FATHER’S DAY - RESPONSIBILITIES AND BLESSING

Father’s Day started in America, strangely enough by a lady! In 1909, one hundred years ago this lady, by name of Sonora Dodd, was sitting in church one Sunday, listening to a sermon on Mother’s Day. She decided it was only fair to also have a day for fathers. In 1910, she arranged a special church service to say ’thank you’ for own father. Eventually the idea was taken up by the U.S. President and in 1972 President Nixon made it a permanent official day in the calendar on the third Sunday in June.

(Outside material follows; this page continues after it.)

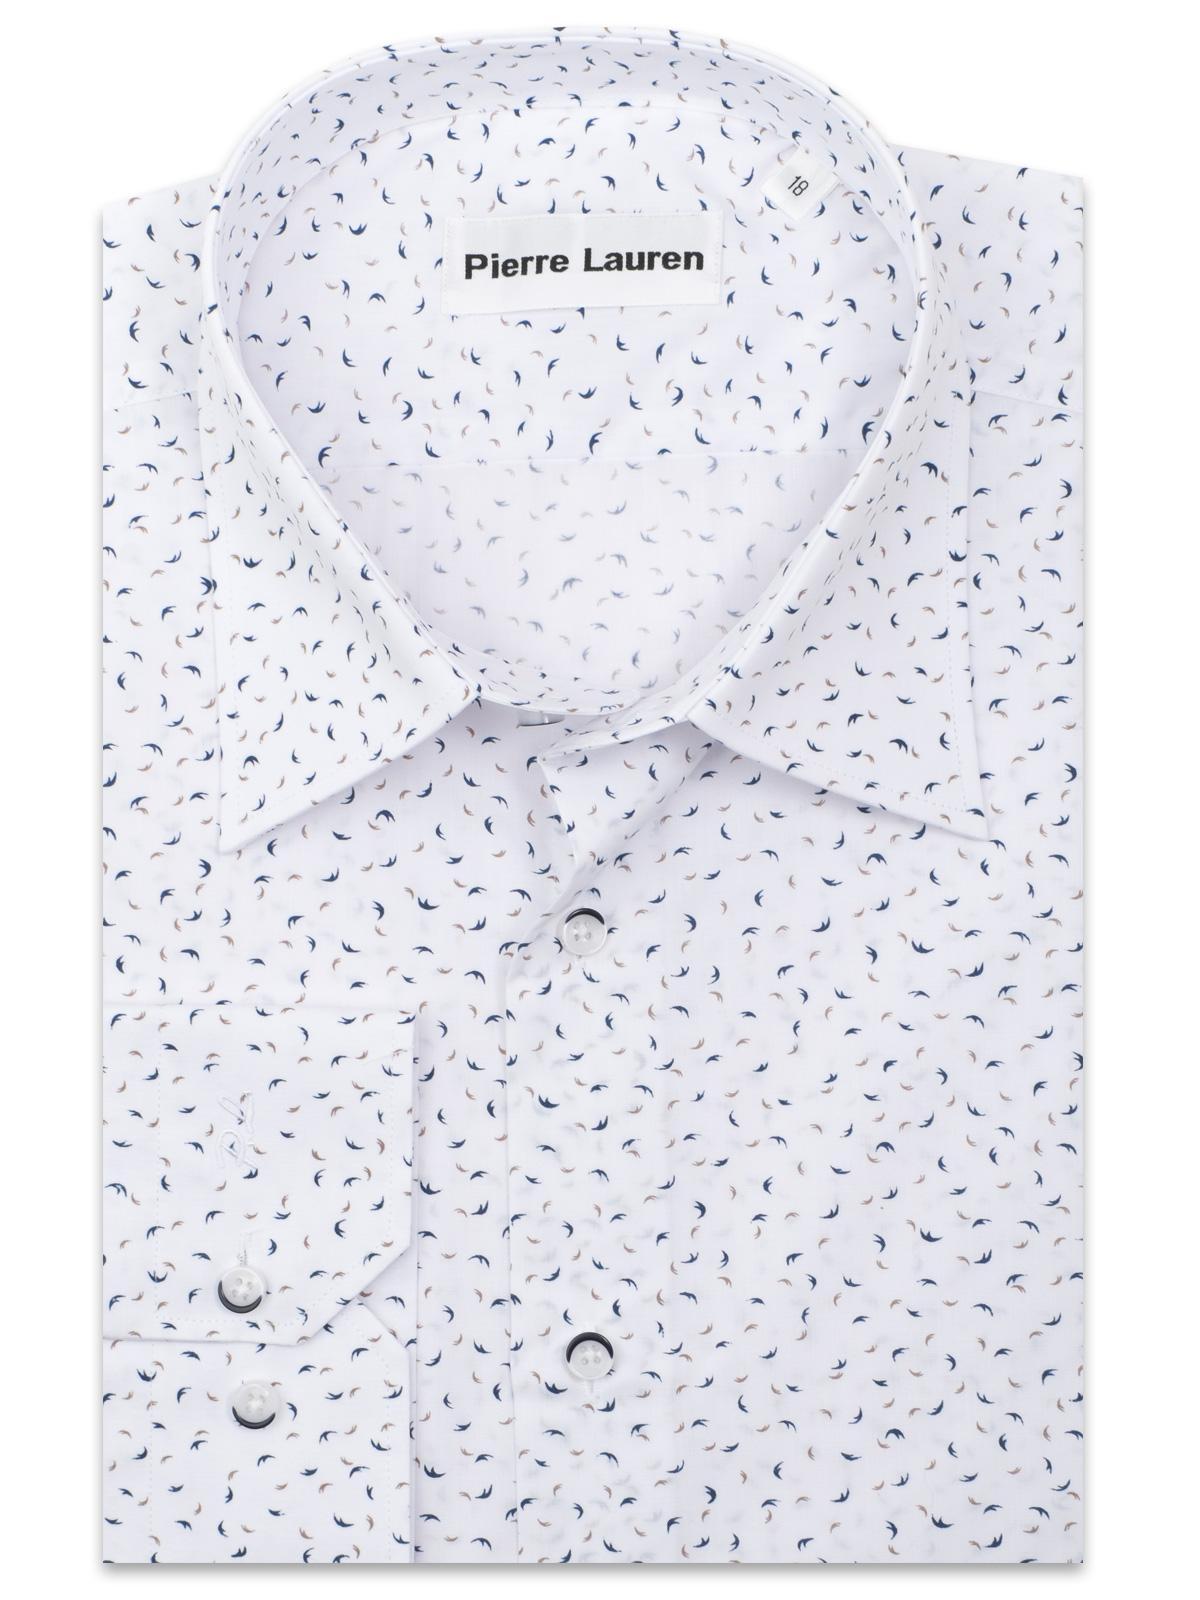 Сорочка PIERRE LAUREN (CLASSIC) арт.-1442Трц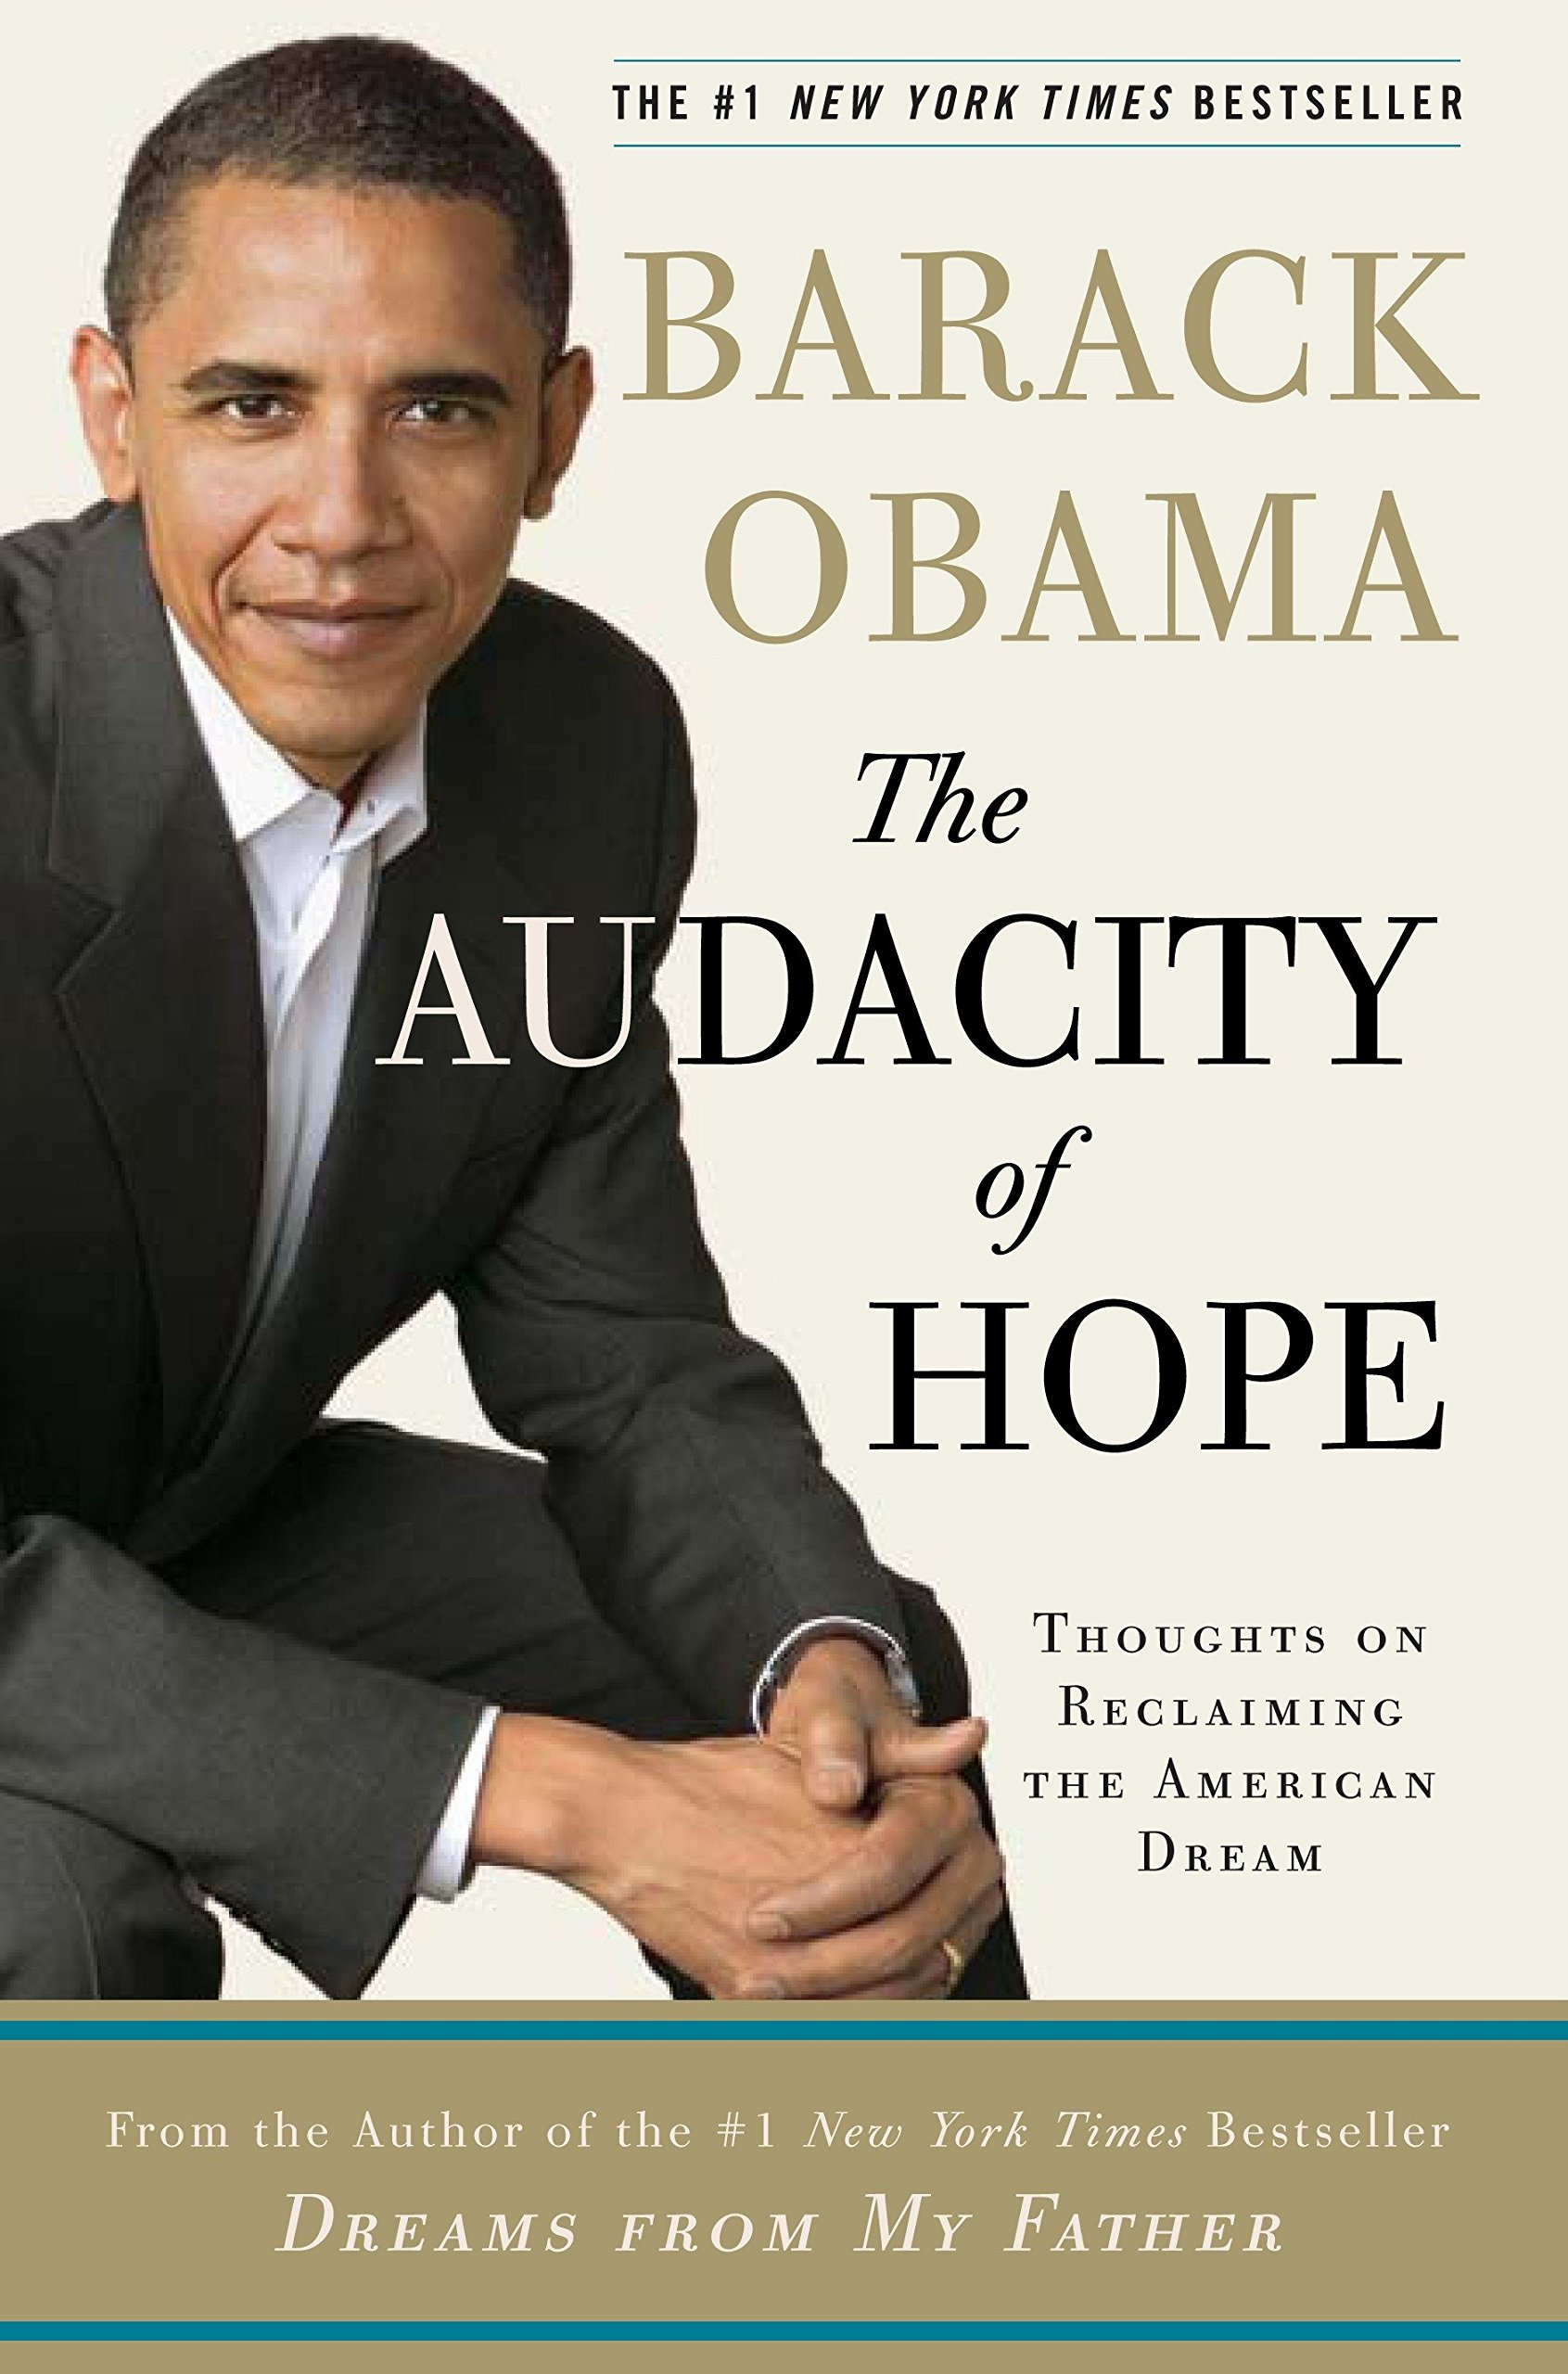 barack obama the audacity of hope audiobook free

Father’s Day is celebrated all around the world to say ‘thank you’ to dads, to encourage them in their parental responsibilities. An old English proverb tells how important fathers are. It says: ‘A father is more than a hundred schoolmasters.’ Fathers are often more appreciated at different ages of their children. Mark Twain had the candour to admit a change in his perception of his father: ‘When I was a boy of fourteen, he said, ‘my father was so ignorant I could hardly stand to have the old man around. But when I got to twenty-one, I was astonished how much he had learned in seven years!’

Rob Parsons, the founder of ‘Care for the Family’, asks the question, ‘What is the most important gift a father can give to his child?’ He always gives the same answer: it is his unconditional love and acceptance. The key to a child’s heart is to let him or her know that we love them anyway whatever may have or will happen. There is no more powerful force on the face of the earth for building strong relationships than unconditional love.

Rob Parsons tells the story of his daughter Katie coming home from school. She came running in yelling, ‘Dad, I got 95 per cent in maths!’ Rob had two questions for that little girl: ‘What happened to the five per cent?’ and ‘Where were you in the class order?’ He confesses: ‘I’m not proud of that conversation.’ Of course, every parent should do their utmost to motivate their child and help them achieve their best. He realized that Katie needed to know that his love for her was not based on her accomplishments, but on their relationship. He was her father. In other words, love without strings.

Children can see our love and acceptance of them in:

• OUR WORDS

Acceptance means we will strive to find the good in our children. If we’re not careful, so much of our communication with our children involves catching them doing something wrong and criticizing them for it. A woman was looking back over her rebellious teenage years and struggling to find an answer to why she had reacted in that way. Finally she put it into words: ‘The fastest way to get my dad’s attention was to do something wrong.’ It’s imperative that we catch our children doing something right! We do well to remember the awesome power of praise. There’s hardly a person on the face of the earth who doesn’t respond to it. Most of us know how effective it is in the work situation, but for a child, it can be like rain in the desert.

Of course, there’s two sides to a coin. Children, like all human beings, have an inbuilt desire to do what they want to do which could well be the beginning of the downward slope to wrongdoing. It’s all part of the fallen nature of humanity. Part of parental responsibility is to provide loving discipline. The book of Proverbs gives some sound advice: ‘Train up a child in the way he should go’ – this can’t be disputed – and it goes on ‘and when he is old he will not turn from it’ – but this is subject to the free will which is our choice in life (22:6). The wise man goes on to concede that ‘Folly is bound up in the heart of a child’ (22:15). He urges his readers to: ‘Discipline your son, and he will give you peace’ (29:17). But it all depends how it’s done.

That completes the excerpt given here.